Mit Vergnügen begrüßte ich am fernen Gesichtskreis den schlanken Schornstein, an dem seinerzeit der beste Minarettbauer von Damiette erlegen war, und der jetzt gemütlich in den blauen Himmel hineinrauchte. Maschine und Pumpen waren in vollem Gang, von ein paar schläfrigen Fellachin bedient. Das benachbarte Pumpwerk der Franzosen war zusammengebrochen, und mein Freund Saunier, der Mechaniker, leider in Mansura, zehn Stunden flußaufwärts. Ich mußte mich deshalb mit meinen eignen Beobachtungen und seiner Frau begnügen, die, als echte Französin, mir jede gewünschte Auskunft geben konnte, und segelte nach einer Stunde mit vollem Wind wieder den Fluß hinunter, einen gesalzenen Brief an Monsieur Pierre im Kopf.
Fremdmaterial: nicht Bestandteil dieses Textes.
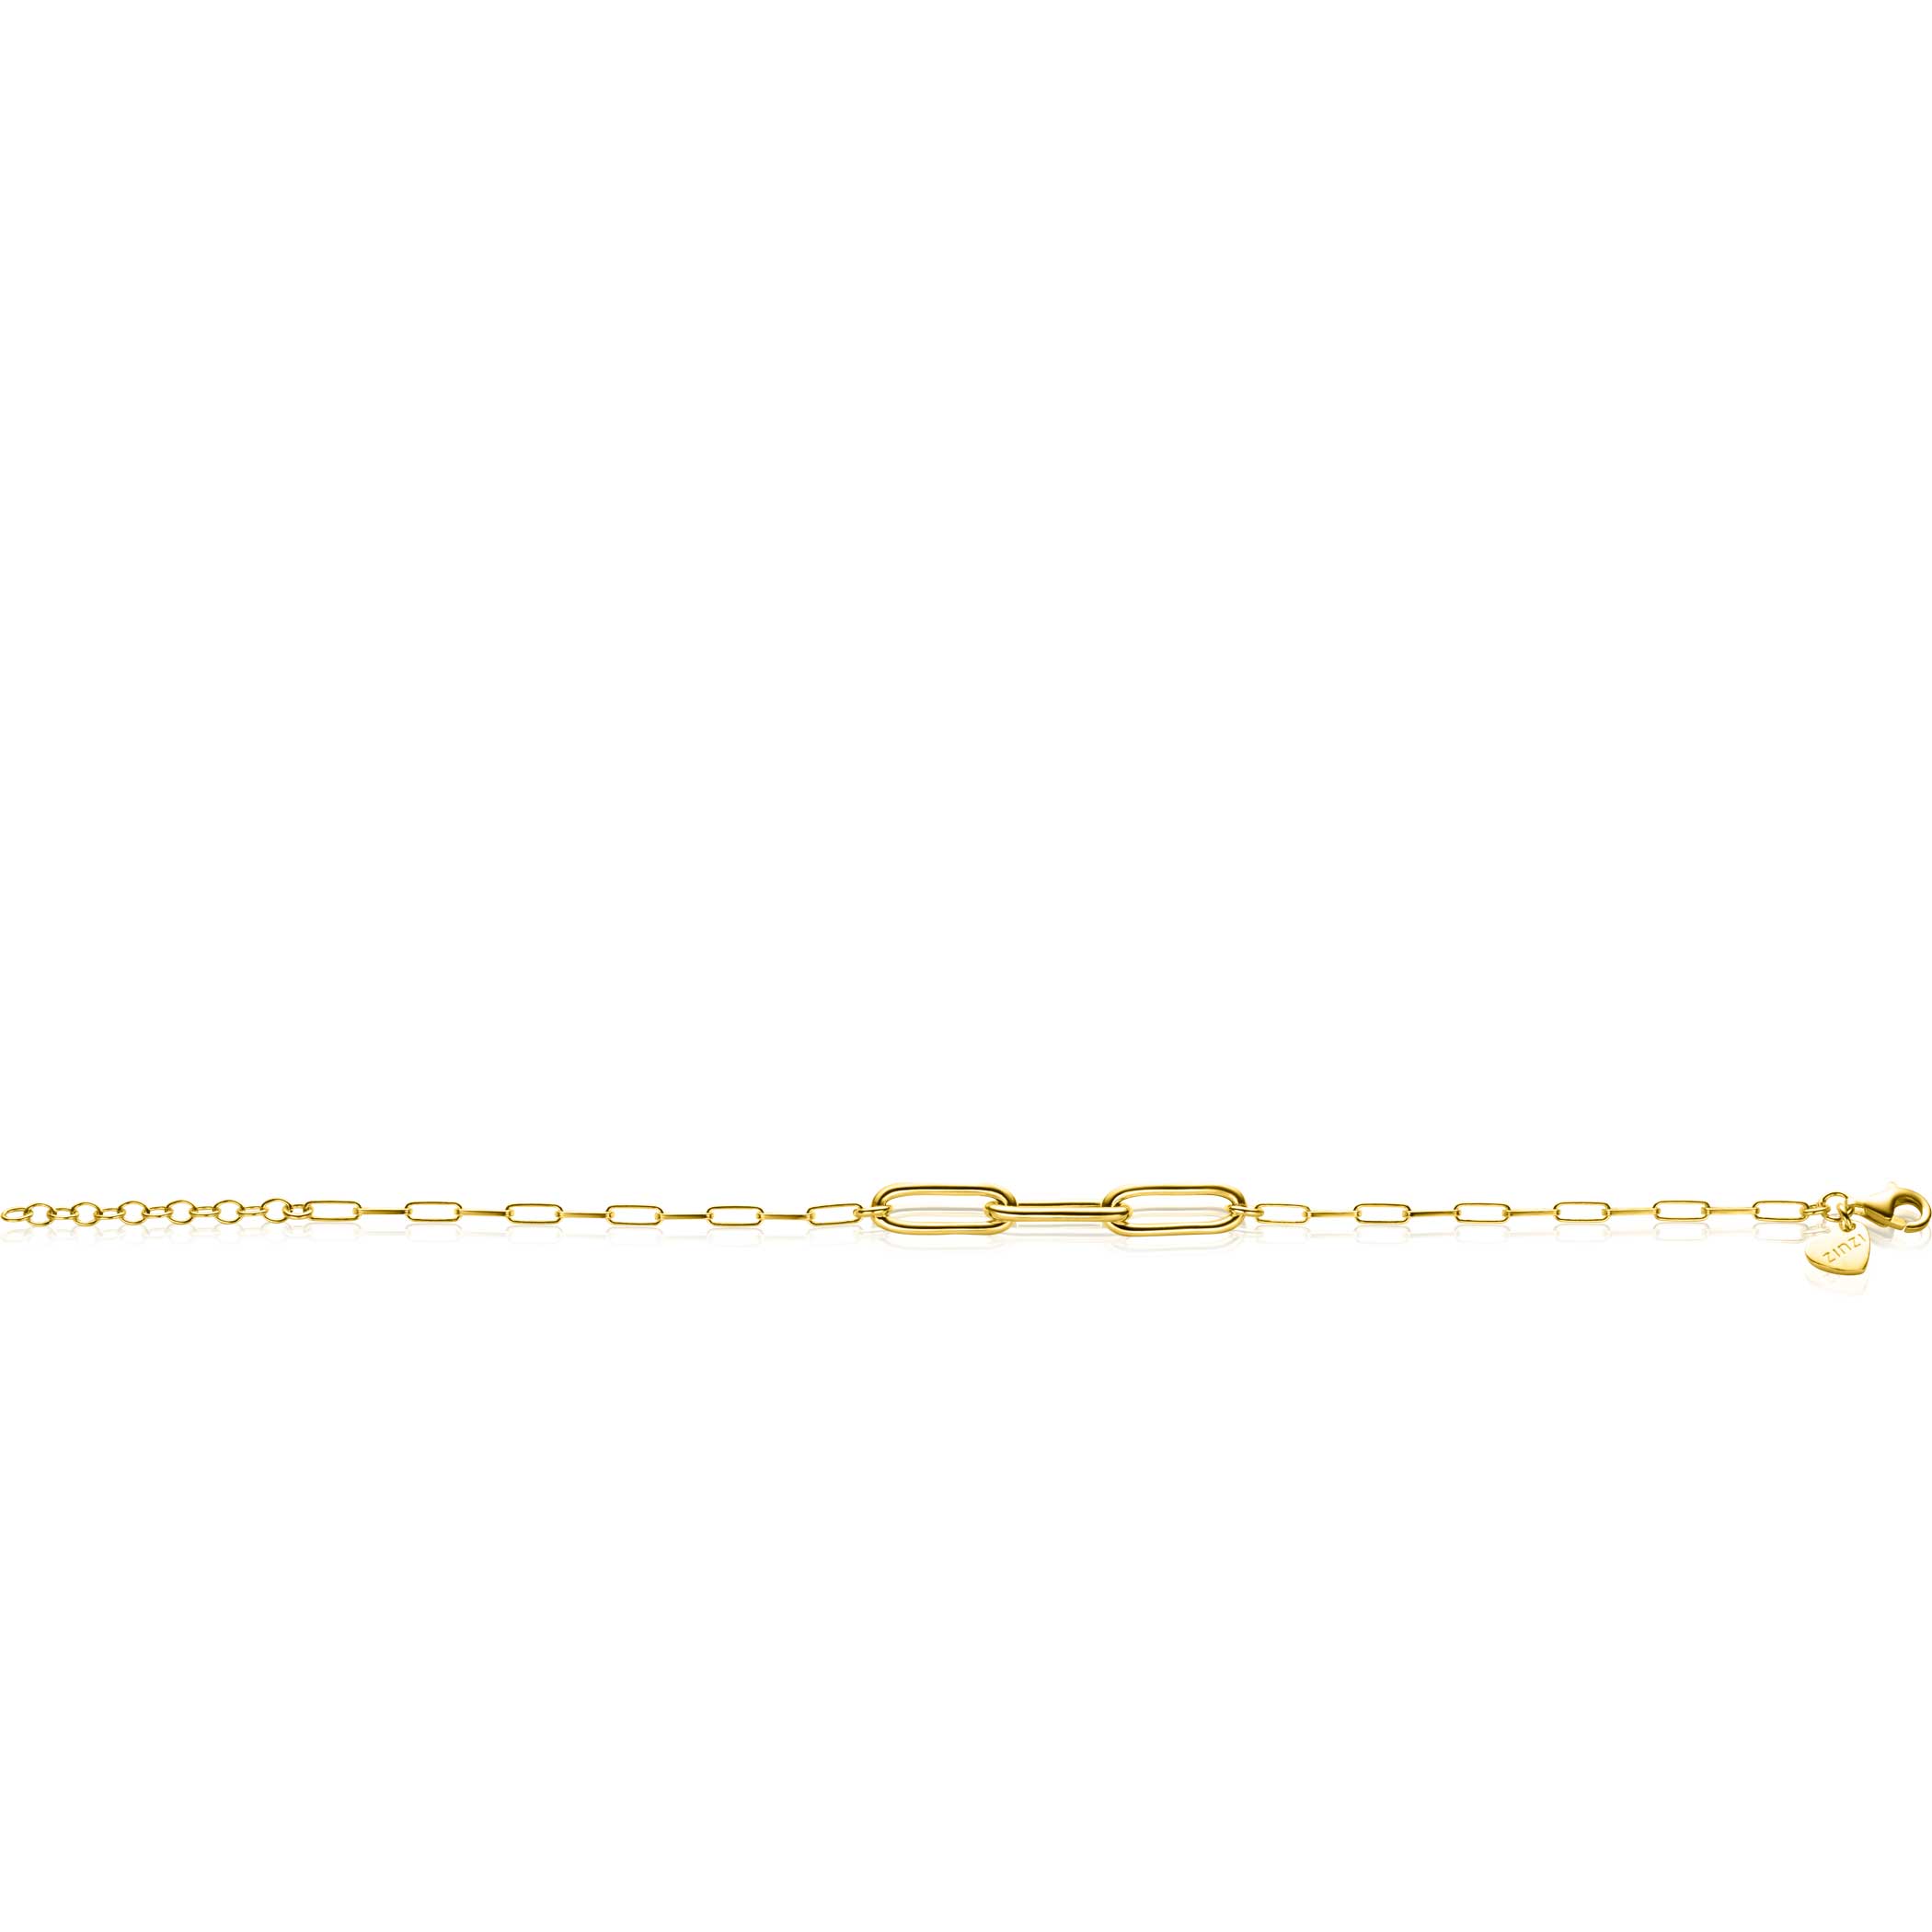 ZINZI Gold Plated Sterling Silver Chain Bracelet with 3 Large Oval Chains 16,5-19,5cm ZIA2522
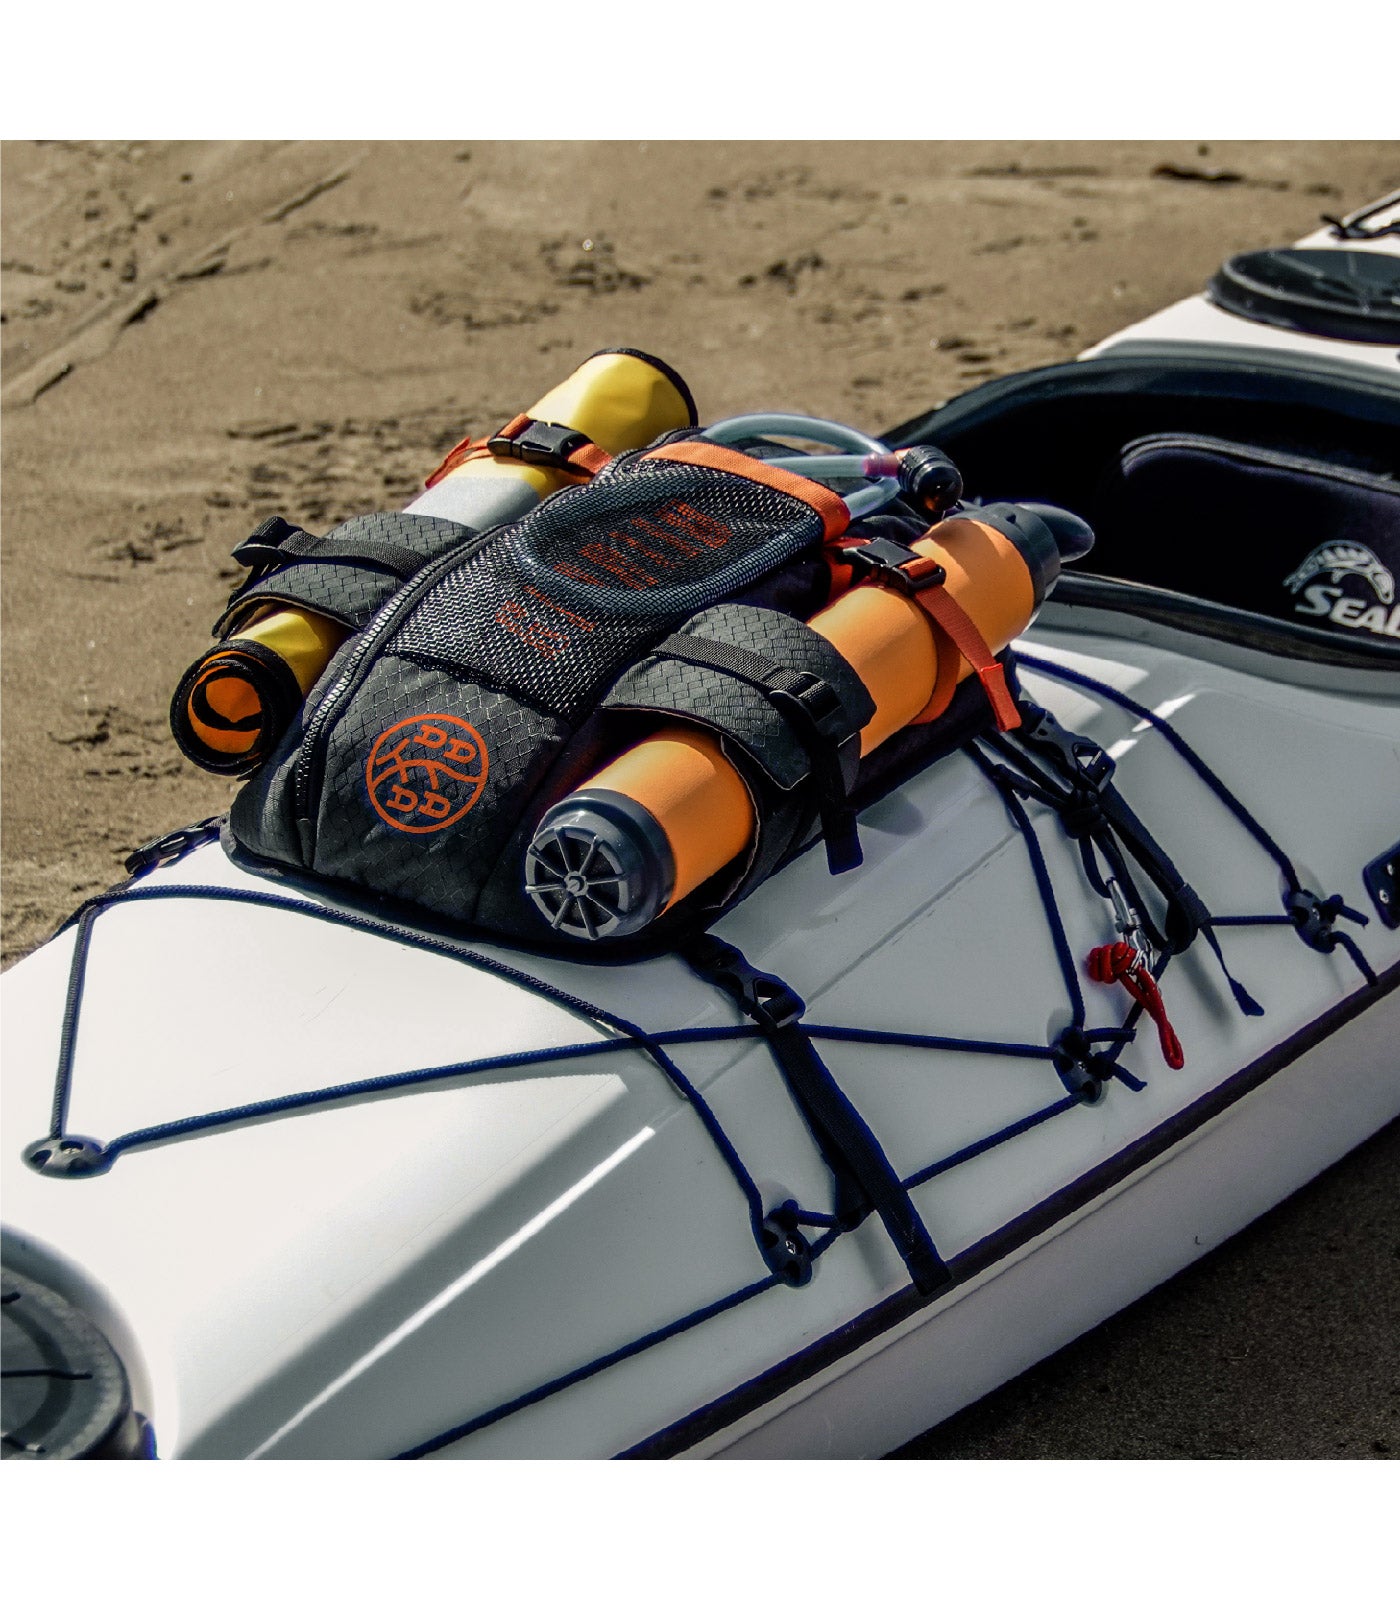 Gearlab Deck Pod - Kayak Deck Bag, Paddling Magazine Award (Holds Paddle Float, Bilge Pump), best kayak deck bag. Deck Pod carries hydration, snacks, gadgets, and safety equipment organized on deck and close to hand for your kayak trips.

Nun hatte ich schon seit acht Tagen ein Telegramm von England in der Tasche, unverzüglich nach Kamelakbar zu gehen und die Abmessungen gewisser Maschinen, die ich dort finden werde, nach Leeds zu telegraphieren. Das ist eine andre lange Geschichte, die ich erst in Leeds ganz verstehen werde. Kaufmännische Spitzbubereien sind nicht lustig, wenn man sie nicht selbst begeht, und dann kaum, und die daraus erwachsenden Verwicklungen nicht des Erzählens wert. Bis zurzeit war ich nicht imstand gewesen, der geheimnisvollen Weisung Folge zu leisten, denn Kamelakbar liegt am andern Ende des Deltas. Es ist der Mittelpunkt der landwirtschaftlichen Wirksamkeit einer jungen französischen Gesellschaft, der Société agricole du Delta du Nil. Jetzt aber eilte ich nach Alexandrien, wo ich unsre Agenten in großer Freude über die Erfolge in Zifta fand, welche sie bereits in klassisches Arabisch übersetzt hatten und gedruckt über das ganze Land verbreiteten.

Doch auf diese Weise komme ich nicht aus Ägypten hinaus. Da wäre, zwei Tage später, von einem originellen Pascha zu erzählen, der ein Schaf auf dem Gipfel eines Schornsteins schlachten ließ. Dann käme die Überfahrt und der Frühling in Italien und in der Provence an die Reihe; dann das übliche Sudelwetter in England, und, soweit ich schon hier bemerke, allerhand Verstimmungen mit und in Leeds, die mich nichts angehen. Damit endlich wäre wieder eins meiner ägyptischen Kapitel geschlossen.